====== DATA PROVIDED
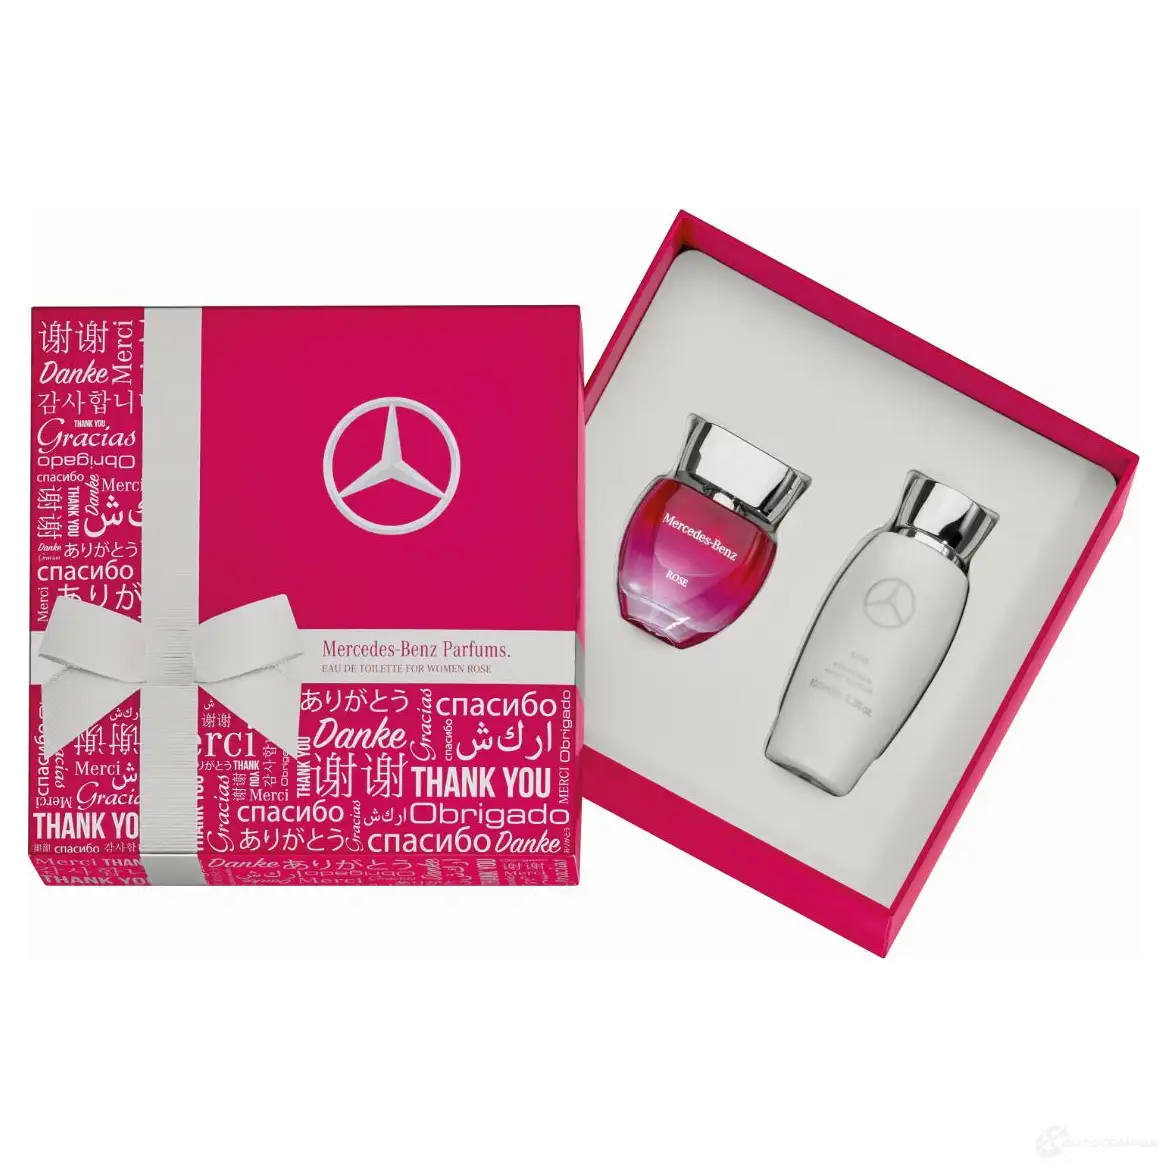 Mercedes-Benz Parfume Rose, подарочный набор MERCEDES-BENZ b66956007 1438169499 P LTTH изображение 1
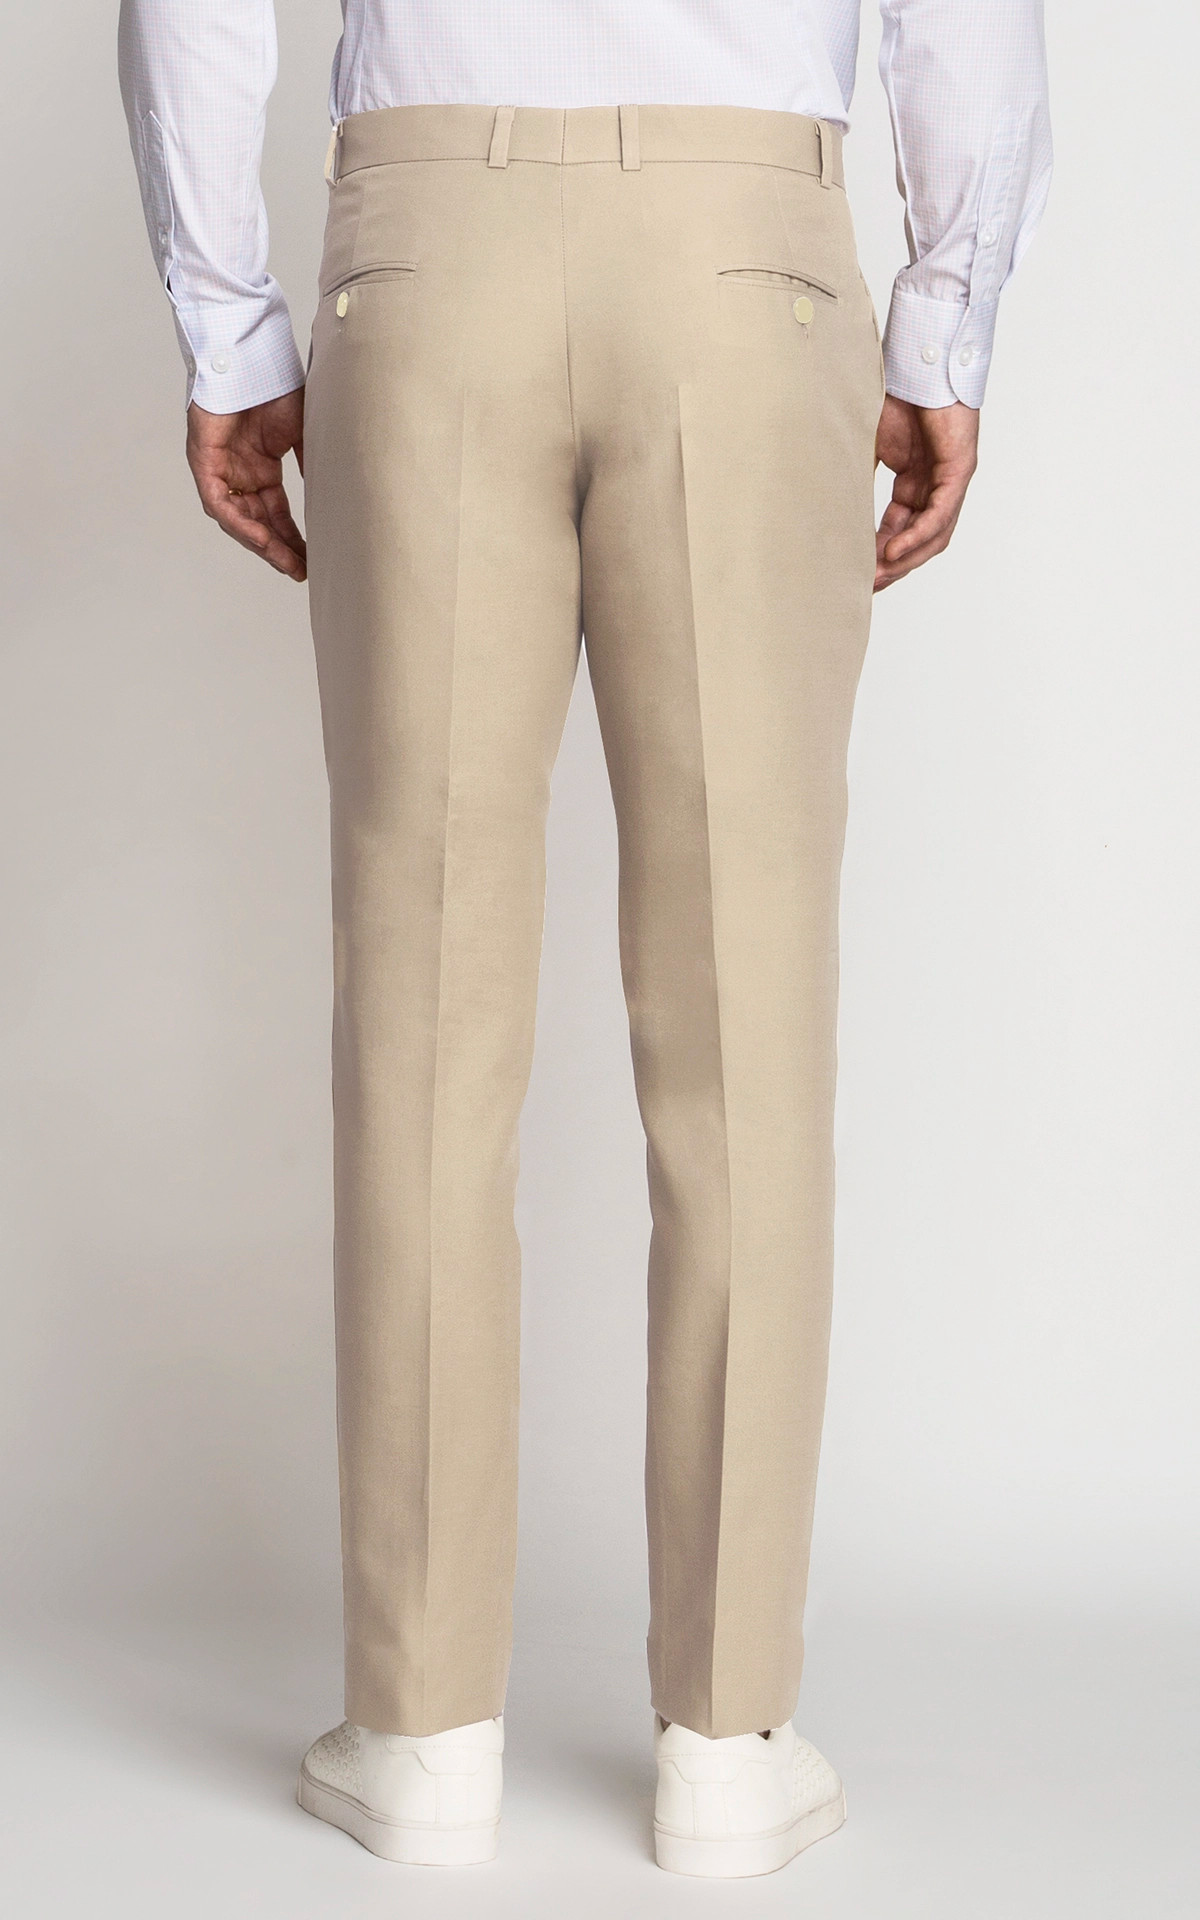 Khaki Cream Cotton Pants - Hangrr
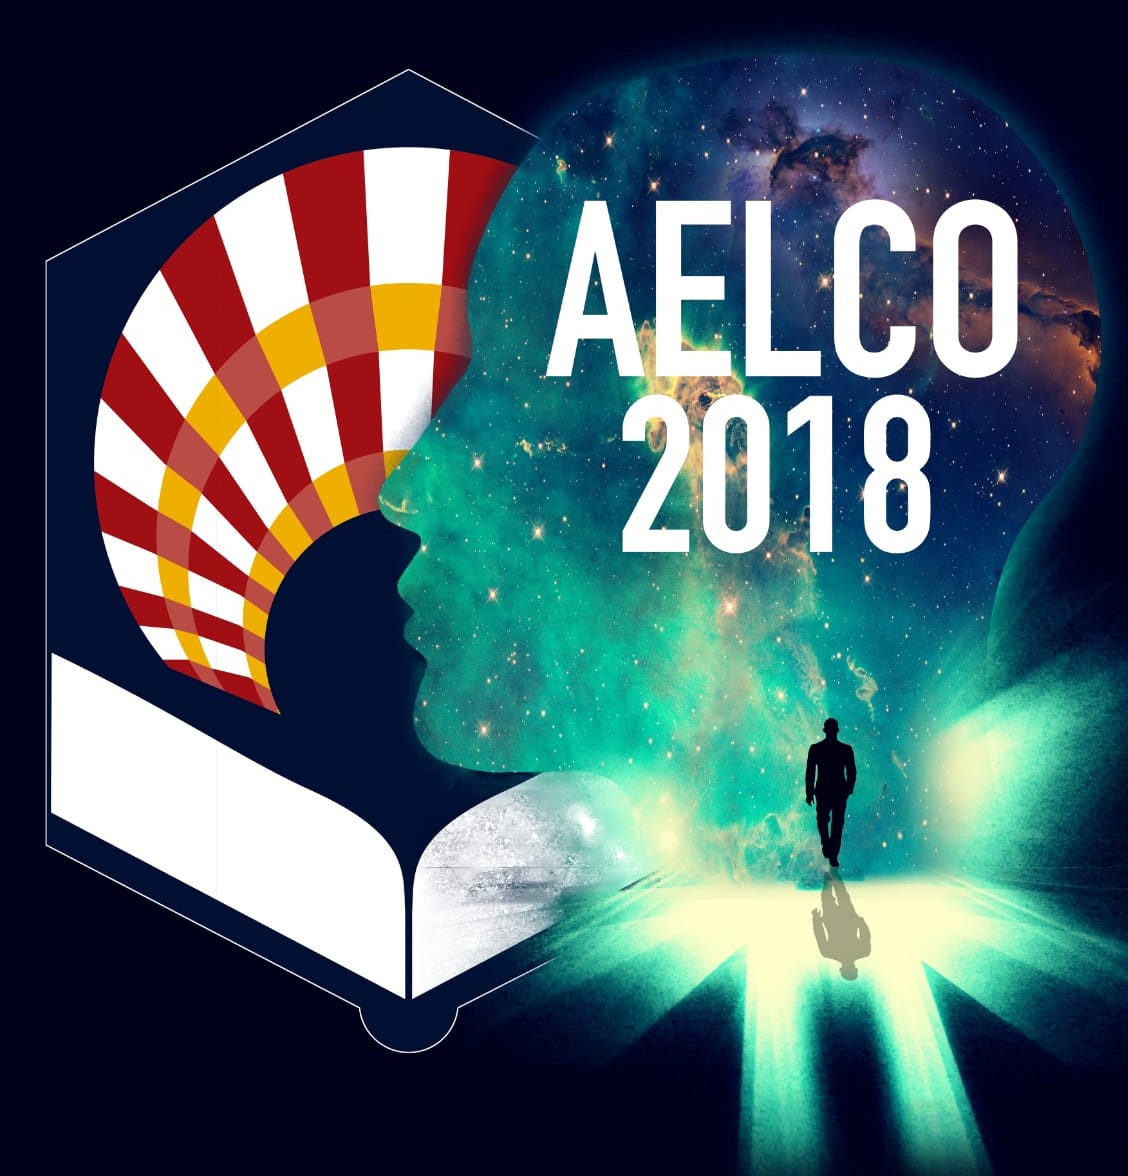 AELCO 2018 LOGO
============
◆ **TASK INSTRUCTIONS**:
Transcribe the listing in full. Omit the pictures and keep every line exact.

◆ **RESPONSE FOR THIS EXERCISE**:
 Mercedes-Benz Parfume Rose, подарочный набор MERCEDES-BENZ b66956007 1438169499 P LTTH изображение 1
 Khaki Cream Cotton Pants - Hangrr
 AELCO 2018 LOGO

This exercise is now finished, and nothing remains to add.